Samedi 29 janvier 2011 à 15:33

 Grosse nuit encore une fois, je crois que je vais annuler tout ce que j'avais prévu de la journée pour dormir et récupérer un maximum. J'aurais encore cette impression de ne faire qu'une sieste entre deux nuits de boulot, mais j'ai vraiment besoin de ça aujourd'hui.
Même si ce n'est pas en accord avec la maison, il y a toujours des ardoises. Difficile de savoir quand on sera vraiment payé mais la plupart sont les seuls clients réguliers.
La Tige est interdit d'accès, à force de partir sans payer il nous doit plus de 20 dollars. Vap'Man, comme à son habitude s'endort devant son café. 10 cents plus les 60 de la semaine. Il ne paiera jamais la totalité du premier coup assuré que comme il ne touche pas son café il n'a pas à le payer. Le Chat, un Pepsi et deux cafés donc 35 cents. Il est parti comme une furie ce soir. Bob - qui me doit 20 cents - n'a même pas compris sa réaction. Judith ne veut pas payer les deux thés, 16 cents, de son pote mais je vois à quoi il ressemble même si son nom m'a échappé. La seule à être réglo est bien sûr celle que je supporte le moins. Cette catin qui se prétend catholique en se baladant avec sa croix sans cesse et qui fait le trottoir à longueur de journée. Anne pourrait mieux finir, ce n'est pas la plus stupide de toutes les putes du coin. Elle avait un avenir qu'elle a préféré gâcher. Bref, il y a encore eu quelques trafics devant le café, quelques types bourrés, défoncés, ne tenant plus debout et ce fameux philosophe clochard, Al. On peut dire qu'il était bien le seul à égayer cette nuit entre tout ce petit monde dépravé. La plupart je les ai à l'oeil et ils le savent. Au moins une chose qu'ils comprennent dans mon café : pas de trafic, pas de conneries égalent pas d'emmerdes.
Ma tête est sur le point d'exploser. J'ai vraiment besoin d'une bonne dizaine d'heures de repos. C'est bien tout ce que je peux me permettre d'ailleurs.

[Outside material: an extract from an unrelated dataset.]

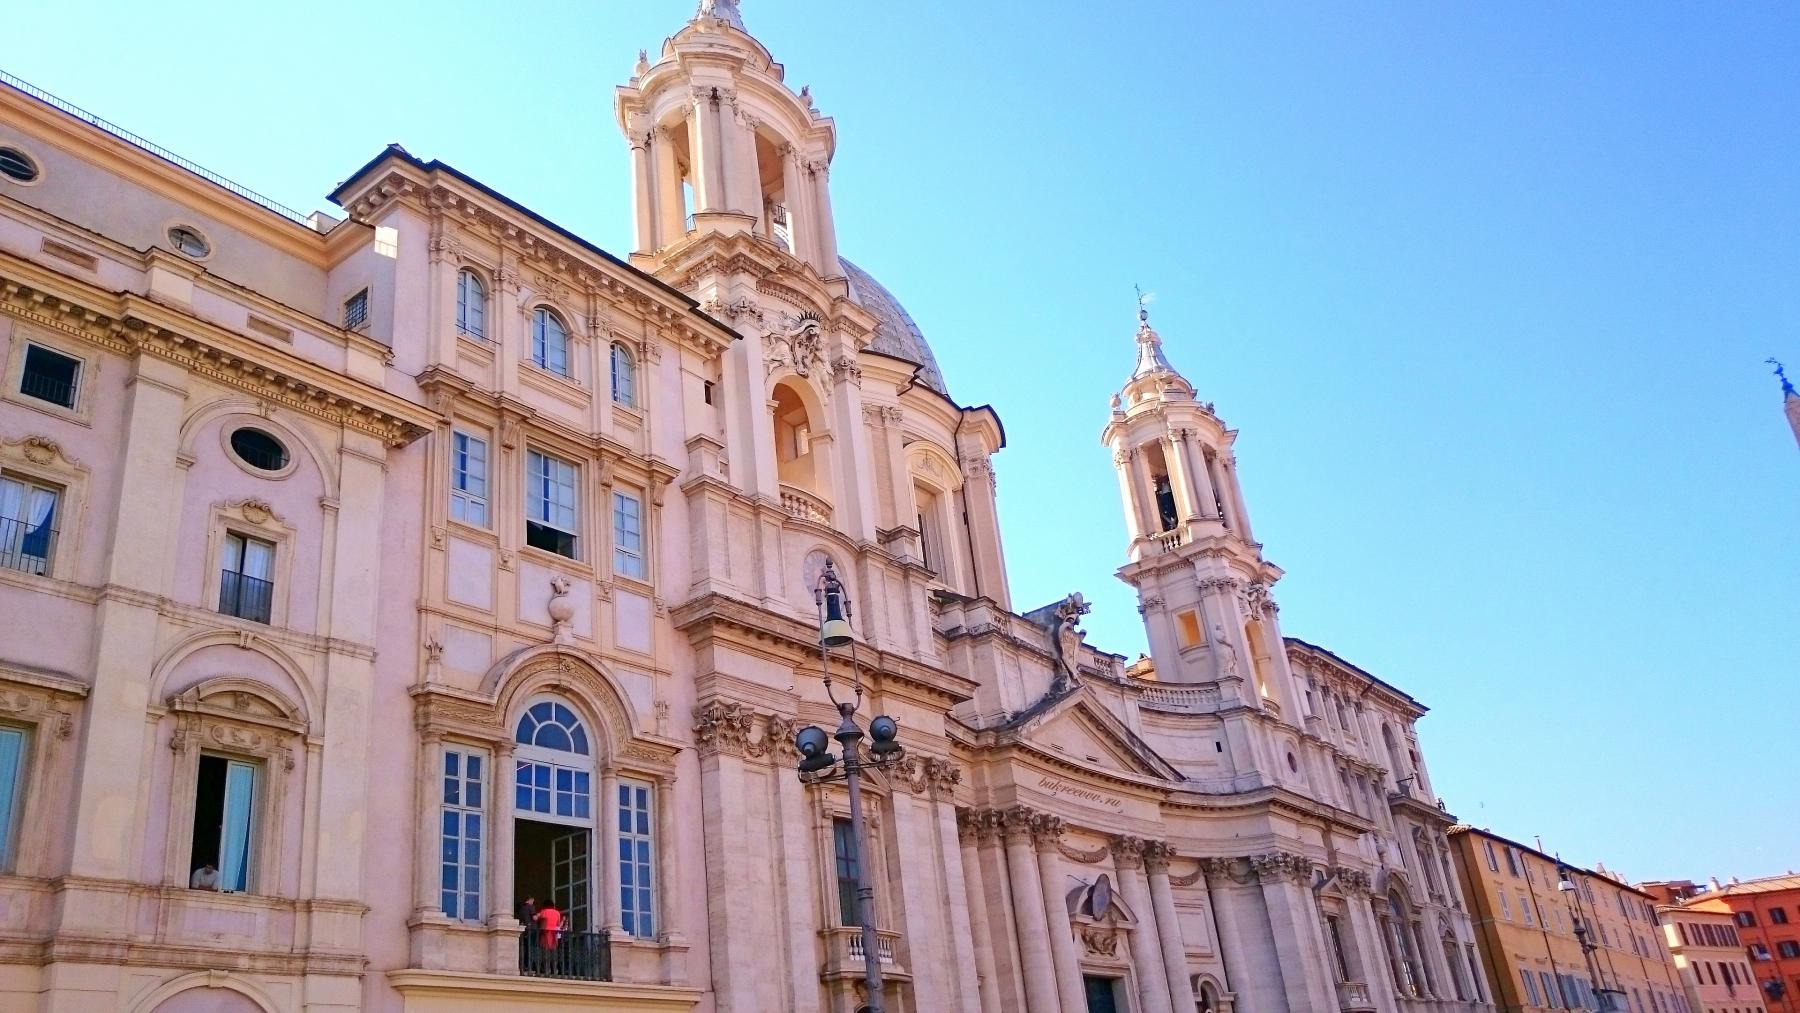 Piazza Navona 57

Jeudi 27 janvier 2011 à 17:05

 Encore une fois, j'ai eu bien du mal à me lever. Ce travail de nuit commence à m'éreinter et j'ai toujours du mal à supporter ceux qui fréquentent le café. Toujours les mêmes, toutes les nuits, tous complètement défoncés par le premier truc qui leur tombe sous la main quitte à en payer le prix voire de leur corps. Ces mecs qui ne parviennent plus à tenir debout. Ces femmes souillées par n'importe quel péquenaud. Et vice versa. Et tout cela me fatigue. Je me sens fatigué physiquement et psychologiquement. J'ai beau avoir envie de sortir quelques personnes de ce merdier, je n'en sens pas le courage et vient seulement le dégoût car je ne peux rien y faire. C'est comme ça. Tout simplement. C'est comme ça que ça se passe ici. Et quand un type s'en sort ou qu'il meurt, un autre plus jeune vient prendre sa place. Quand je prie pour, ne serait-ce que l'un d'entre eux, qu'il se réveille et se relève la tête droite, marchant droit sur un chemin moins sinueux, je me dis autant devenir dealer. Au moins je contrôlerais le flux de dope qui circule dans le café et donc le quartier. Cette nuit ils étaient tous amorphes, avachis, affalés, mous et  ne pensent qu'au peu d'argent qu'ils dépensent dans la drogue et au sexe qui leur permet de récupérer encore quelques doses. Néanmoins, grâce à eux, je sais que je peux aller plus loin dans la vie. Mais aller où ? Autant me perdre dans une rue sombre et faire un dernier voyage dans leurs délires. Ne jamais revenir, abandonner ce café, cette vie, cette merde. Ces cons, au fond, j'les aime bien, j'm'y attache. Je ne peux pas les supporter. Mais je sais qu'ils ont quelque chose au fond de leur coeur mais ils ne se rendent pas compte de tout ça tellement la dope les bouffe dans tous les sens du terme. Ils ont besoin de moi comme j'ai besoin d'eux. Ce qui me donne l'impression que le café m'appartient plus qu'à Frank. Ils forment un tout. Et je fais partie de ce tout.